Le sujet est difficile et délicat. Sa formulation, mettant sur un même plateau la force Barkhane et l’avenir du Sahel, laisse planer une certaine prédominance de la dimension sécuritaire sur la question sahélienne. Il n’en est évidemment rien, mais cela tend à montrer que le sujet très pesant de « Barkhane » contribue à brouiller ou orienter quelque peu la libre réflexion sur l’avenir de l’espace sahélien.

Barkhane et son évolution : une vision sécuritaire à replacer dans une stratégie globale

 Un rappel de sa mission s’impose, et donc du sens de la présence militaire française au Sahel. Il s’agit bien de lutter contre le djihadisme.

En 2013, à la demande des autorités maliennes et en accord avec les pays voisins, la France est intervenue pour barrer la route à une force djihadiste menaçant la capitale du Mali. L’opération Serval fut alors déclenchée, force de reconquête du terrain, elle-même très vite remplacée, en 2014, par Barkhane, force occupant le terrain pourpoursuivre la lutte contre les djihadistes.
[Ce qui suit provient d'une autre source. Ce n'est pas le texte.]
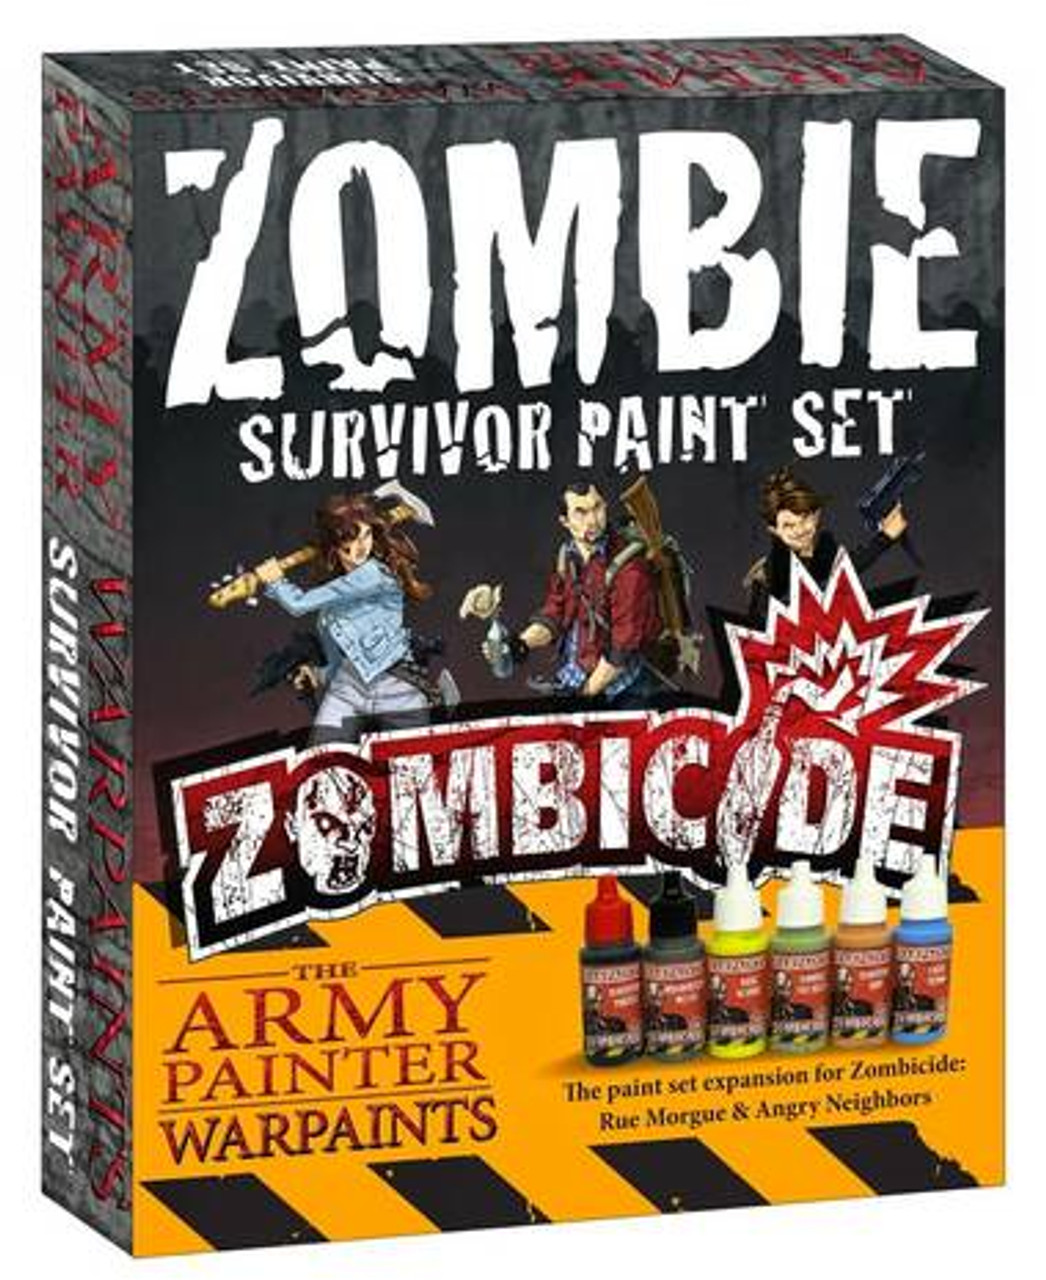 Warpaints: Zombie Survivor paint set

Pour autant, Barkhane n’a pas pour vocation à rester indéfiniment, elle s’inscrit dans la stratégie suivante :

– stopper l’avancée djihadiste ;

– constituer une coalition et la renforcer progressivement pour éradiquer le djihadisme

– replacer l’action sécuritaire dans une stratégie globale incluant notamment le développement et visant au retour de la paix et de la sécurité au Sahel ;

– transférer progressivement la responsabilité de la lutte contre le djihadisme aux forces locales après avoir participé à leur renforcement opérationnel.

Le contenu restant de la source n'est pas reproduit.